How Money & Banking Work (& why they're broken today) - Lyn Alden
TLDR published · watch on youtube ↗
The global financial system is currently broken, characterized by over 160 currencies that persistently dilute the savings and wages of the public to benefit corporate interests and government officials. This centralization, driven by technological evolution and fractional reserve banking, has created an unstable system of debt and hidden taxation that hampers individual financial autonomy.
Chapters
Chapter 1: Broken Money Intro
- Most of the world's 160+ currencies are designed to inflate, invisibly siphoning value from public savings to concentrated elite interests.
- Central banks prioritize price increases over stability, undermining the fundamental role of money as a reliable store of value.
- Financial systems are often opaque, favoring those with proximity to money creation while leaving the public to deal with debt and polarization.
Chapter 2: What is Money?
- Money evolved from inefficient barter systems to commodity-based money (like shell beads, gold, and silver) to solve for portability, durability, and scarcity.
- Credit systems emerged to manage transactions, acting as a "social ledger" that relies on trust or authority.
- Ultimately, money is a ledger for payments and savings, traditionally governed either by natural laws (commodity money) or human agreements (credit).
Chapter 3: The Rise of Banking
- Banking evolved from medieval systems like hawala to modern fractional reserve banking, which creates economic efficiency but introduces systemic risk.
- Full reserve banking offers stability by matching asset durations, but modern history has favored fractional reserve systems prone to catastrophic failure.
- Central banks were established to act as backstops for these fragile systems, often resorting to currency devaluation when reserves cannot cover the excessive claims created by bank lending.

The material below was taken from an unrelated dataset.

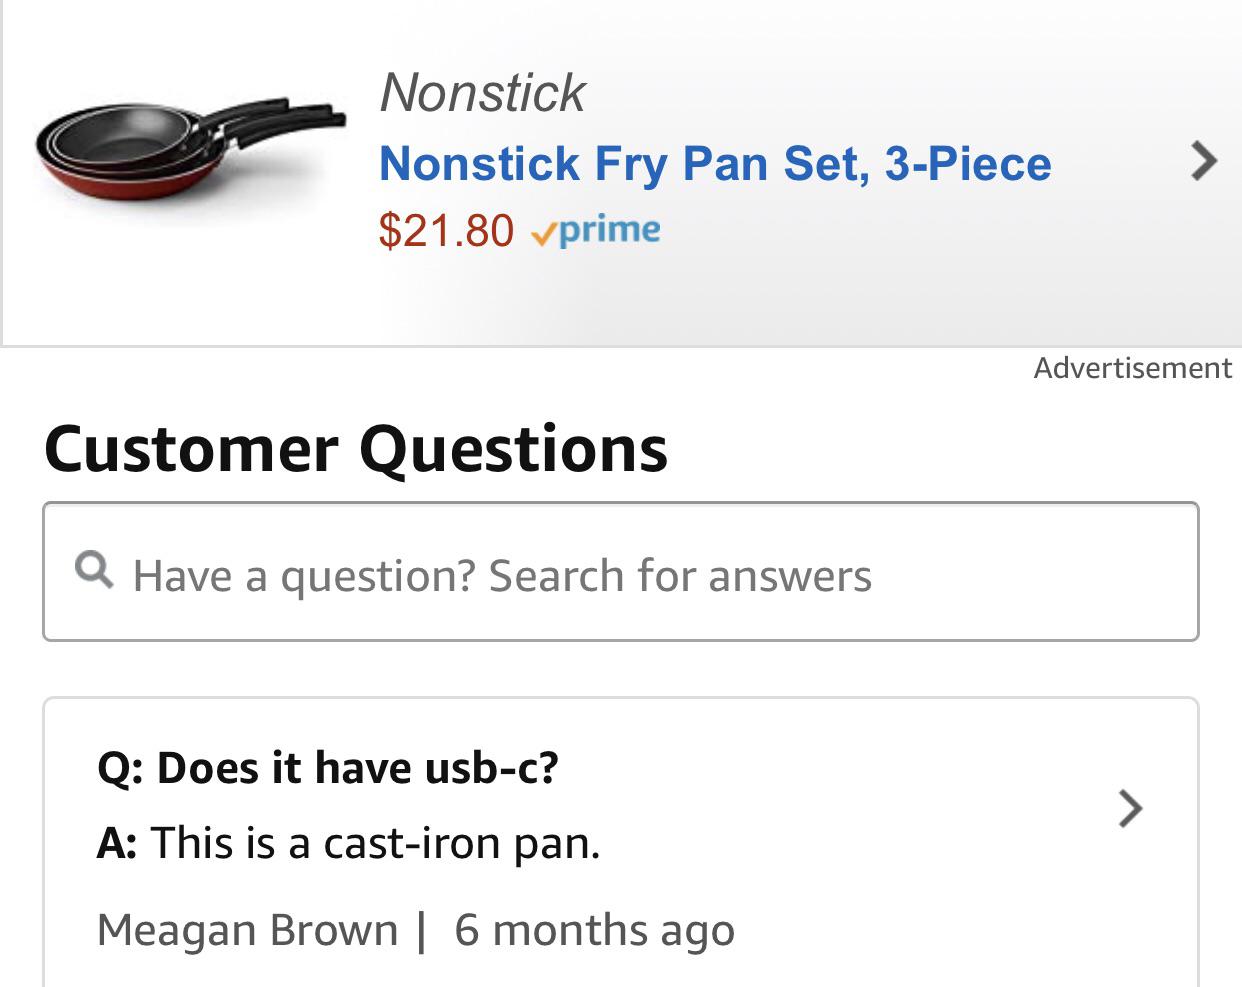 angle - Nonstick Nonstick Fry Pan Set, 3Piece $21.80 v prime Advertisement Customer Questions Q Have a question? Search for answers Q Does it have usbc? A This is a castiron pan. Meagan Brown | 6 months ago

Chapter 4: The Global Financial System
- The international gold standard (1871–1914) unified trade until war-time spending and debt led to the abandonment of gold backing.
- The Bretton Woods era and the subsequent Petrodollar system cemented the US dollar's role as the global reserve currency, creating a system of deep reliance on US monetary policy.
- These transitions consistently moved toward more abstraction, allowing governments to print money without the limitations of physical gold reserves.
Chapter 5: Centralization & Abstraction
- Technological advancements like the telegraph enabled global financial connectivity but simultaneously centralized power in the hands of central banks.
- Currency instability is rampant; many nations face persistent high inflation or hyperinflation, trapping citizens in cycles of devaluation.
- Negative interest rates and massive debt expansion by wealthy nations demonstrate how current systems invert incentives and erode the purchasing power of the average citizen.
Chapter 6: Open-Source Money
- Bitcoin provides an alternative to the broken, centralized fiat model by offering a permissionless, decentralized, and open-source digital ledger.
- Through proof-of-work, Bitcoin solves the speed-gap between transactions and settlements without requiring a central intermediary or credit-based trust.
- The future presents a fork: either increased state control through Central Bank Digital Currencies (CBDCs) or a shift toward decentralized, deflationary money that empowers individuals across borders.